# PROVIDED MATERIAL:

____

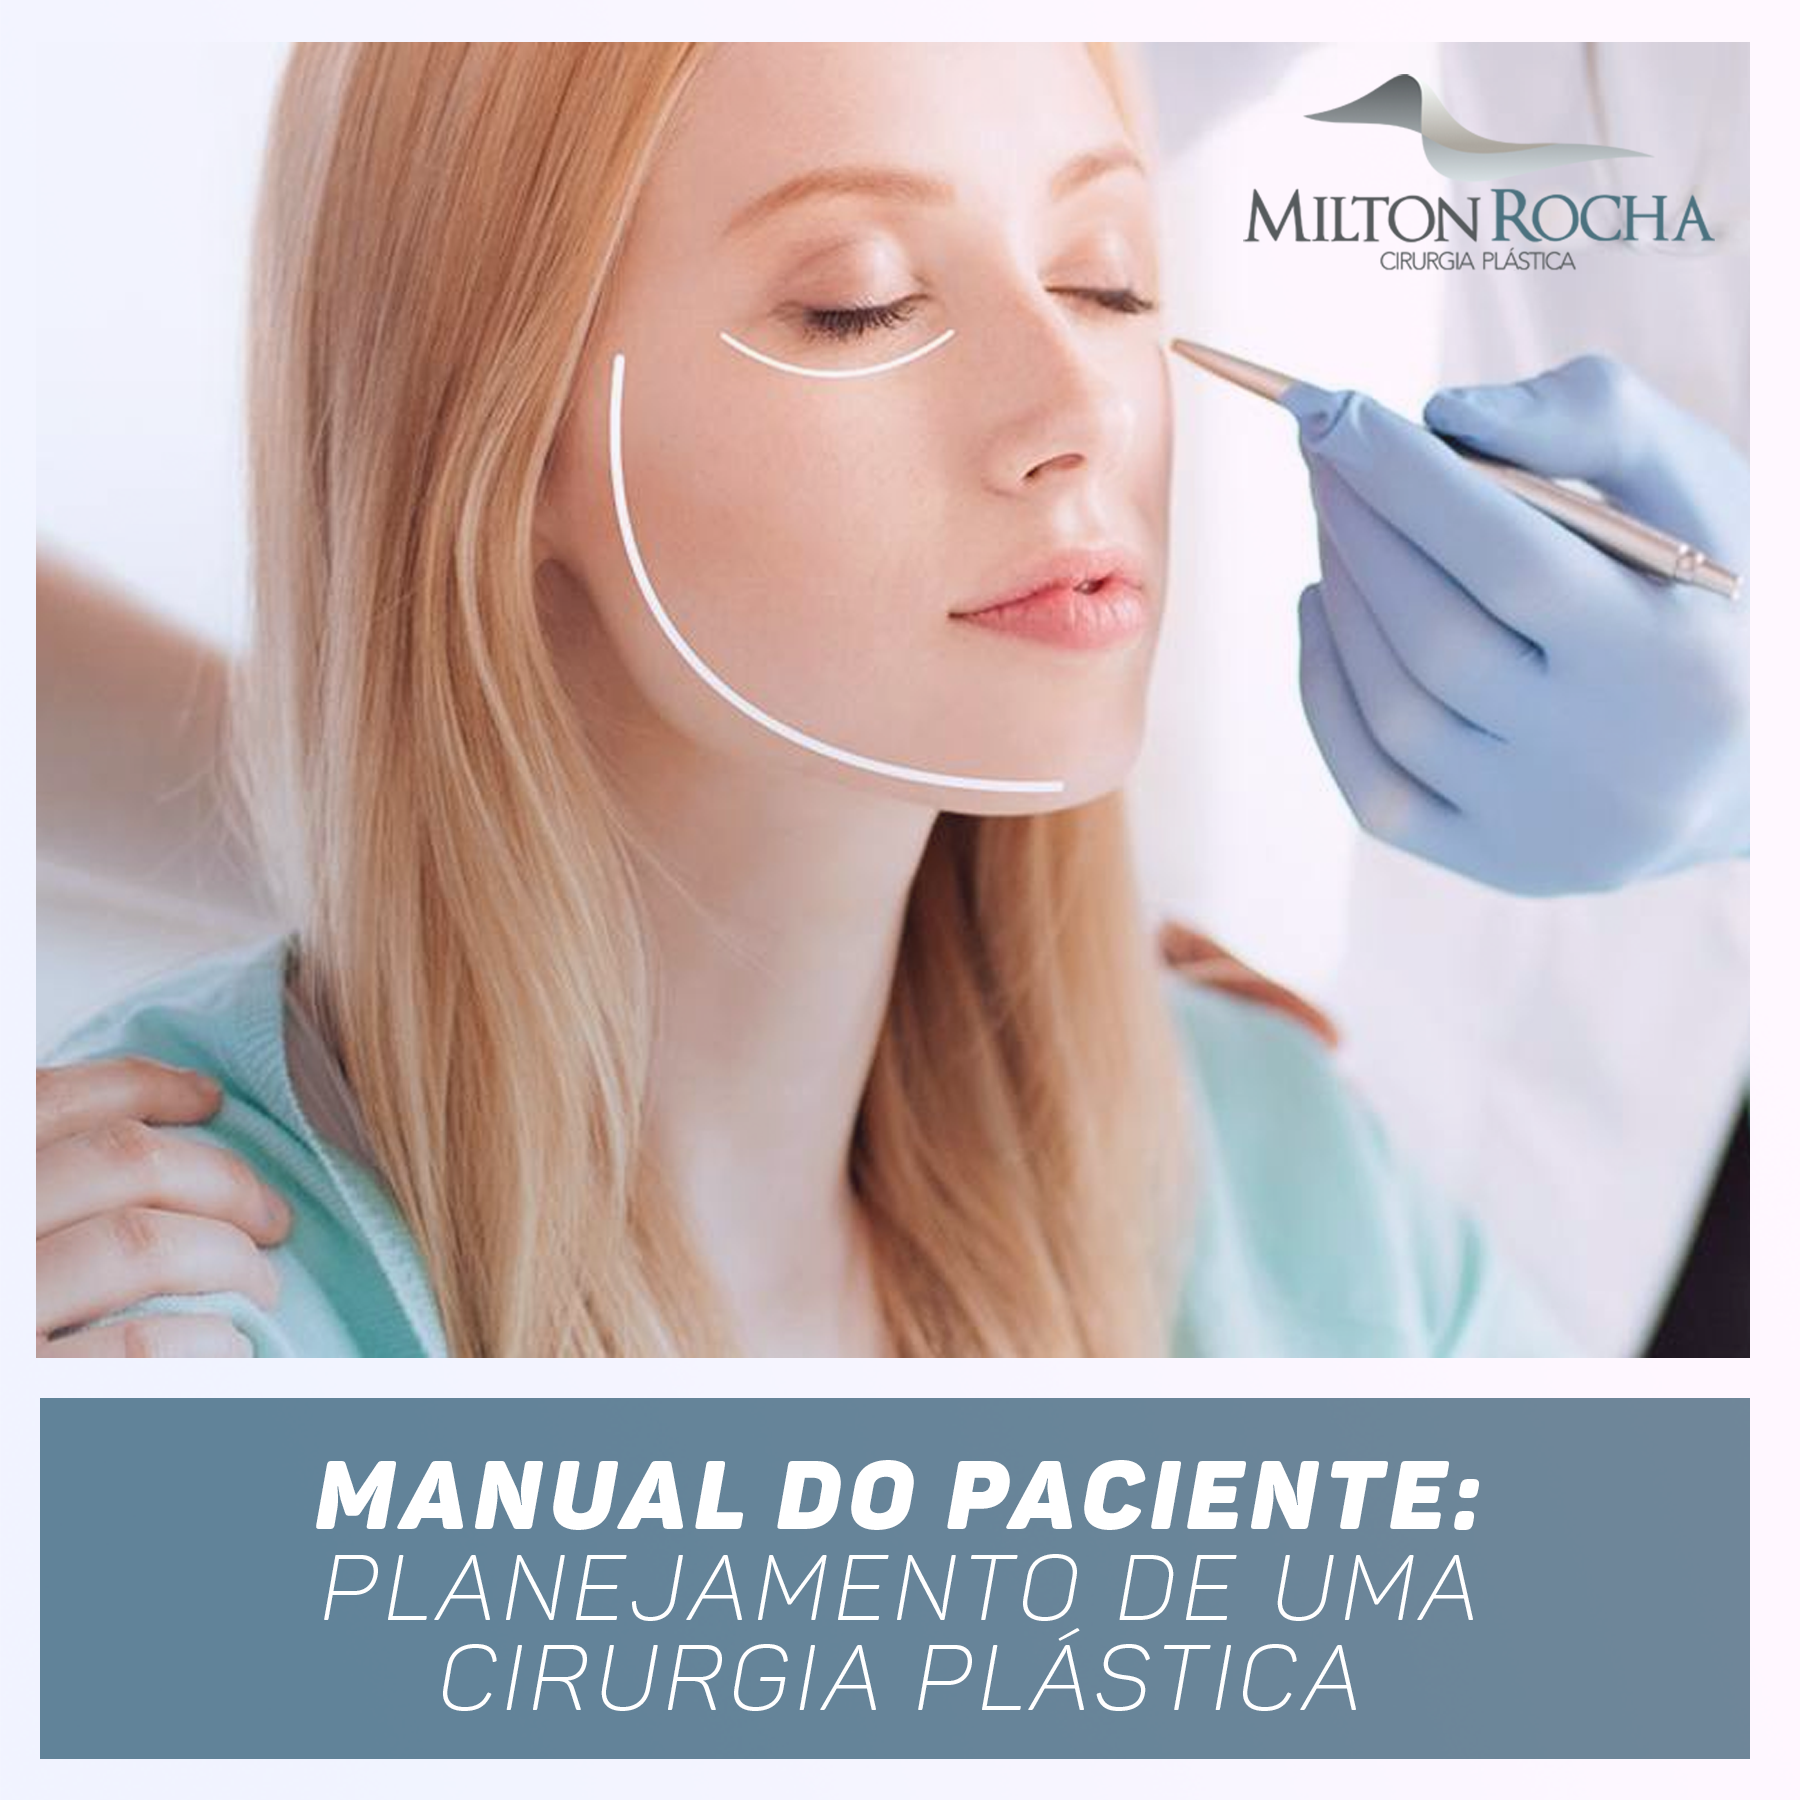 You are currently viewing Manual do Paciente do Dr Milton Rocha: planejamento de uma cirurgia plástica
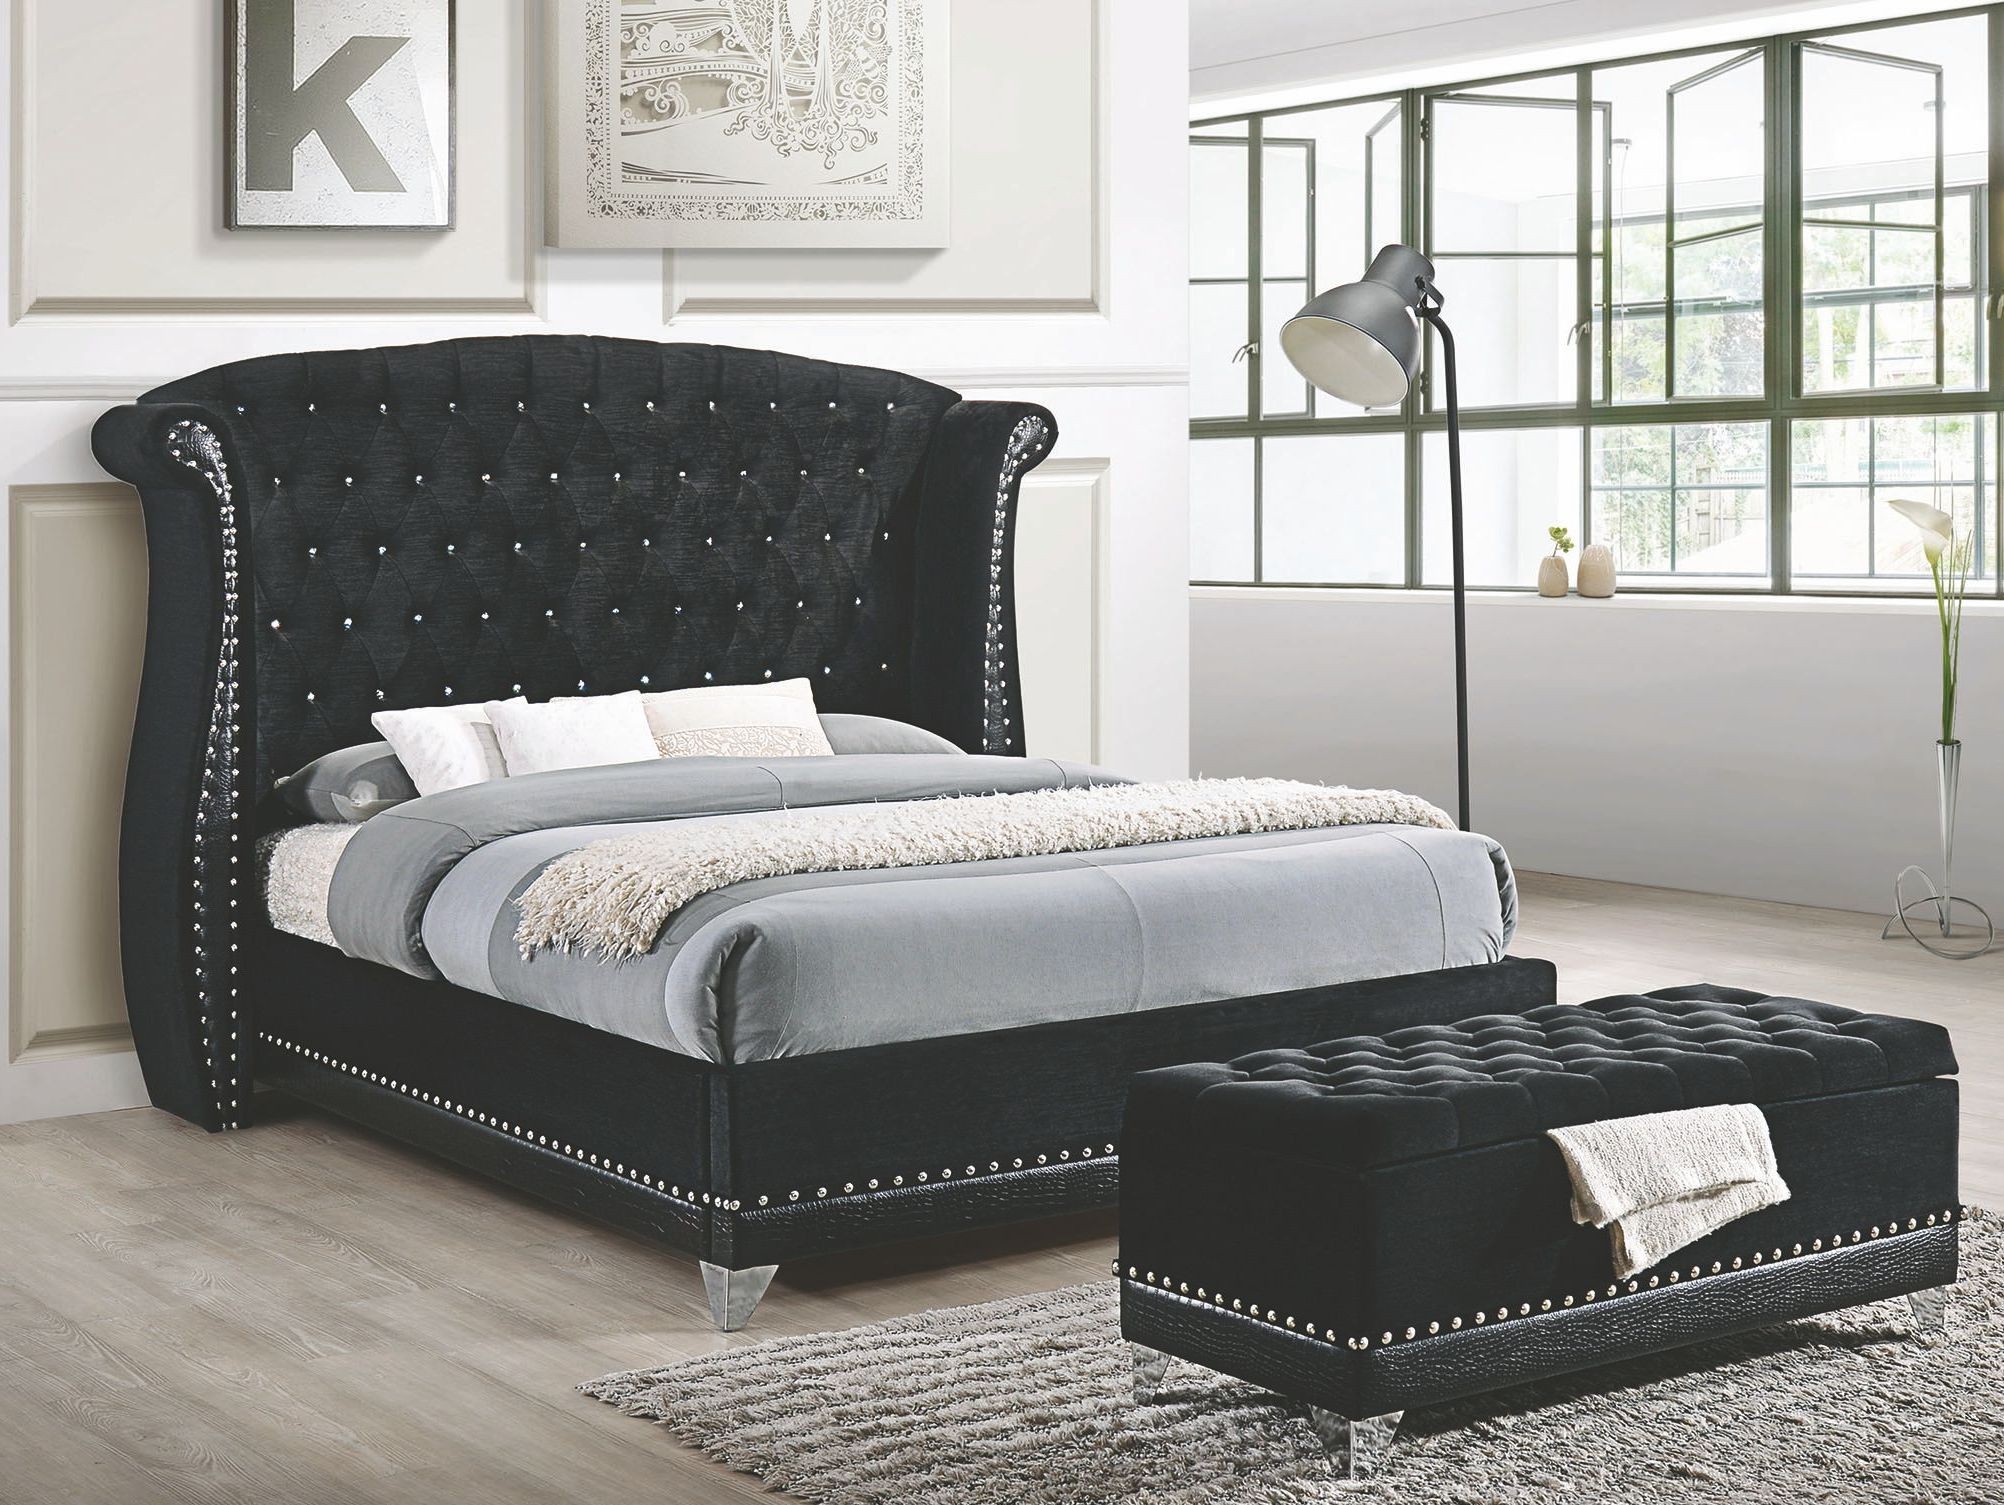 Barzini Black Upholstered Platform Bedroom Set ...
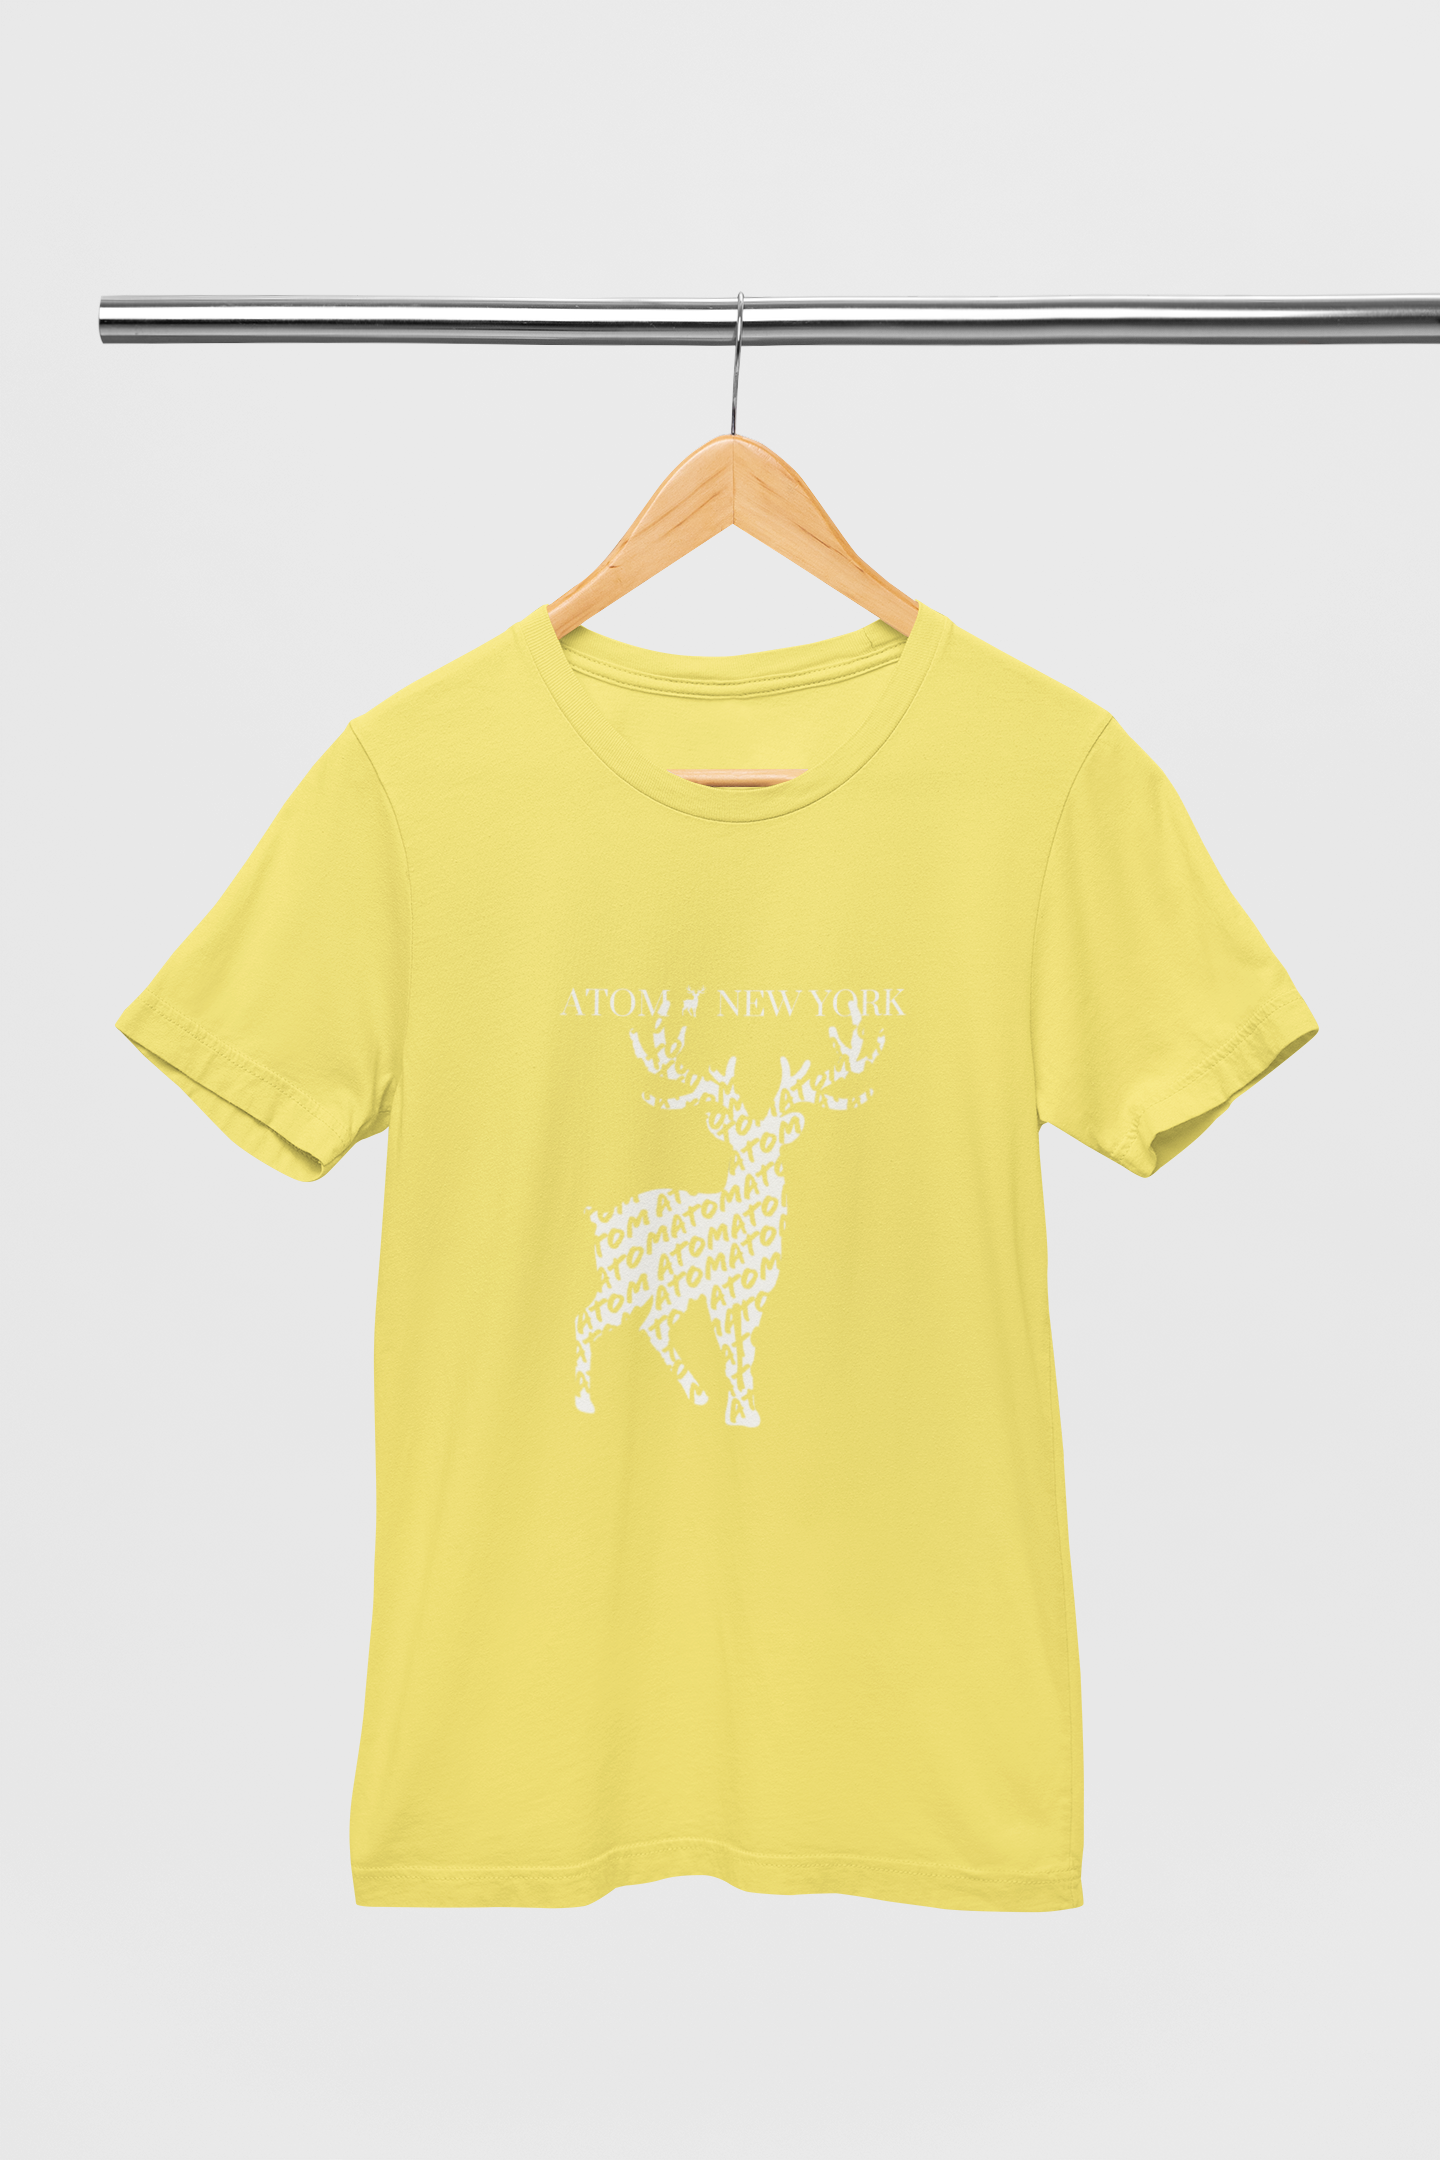 Atom New York Netted Signature Lemon Yellow T-Shirt For Men

____

# AIM OF THE EXERCISE:
From the line with "Barzini Black Upholstered" through the end of the listing, write out every line exactly, leaving out the pictures.

# REPLY:
 Barzini Black Upholstered Platform Bedroom Set ...
 Atom New York Netted Signature Lemon Yellow T-Shirt For Men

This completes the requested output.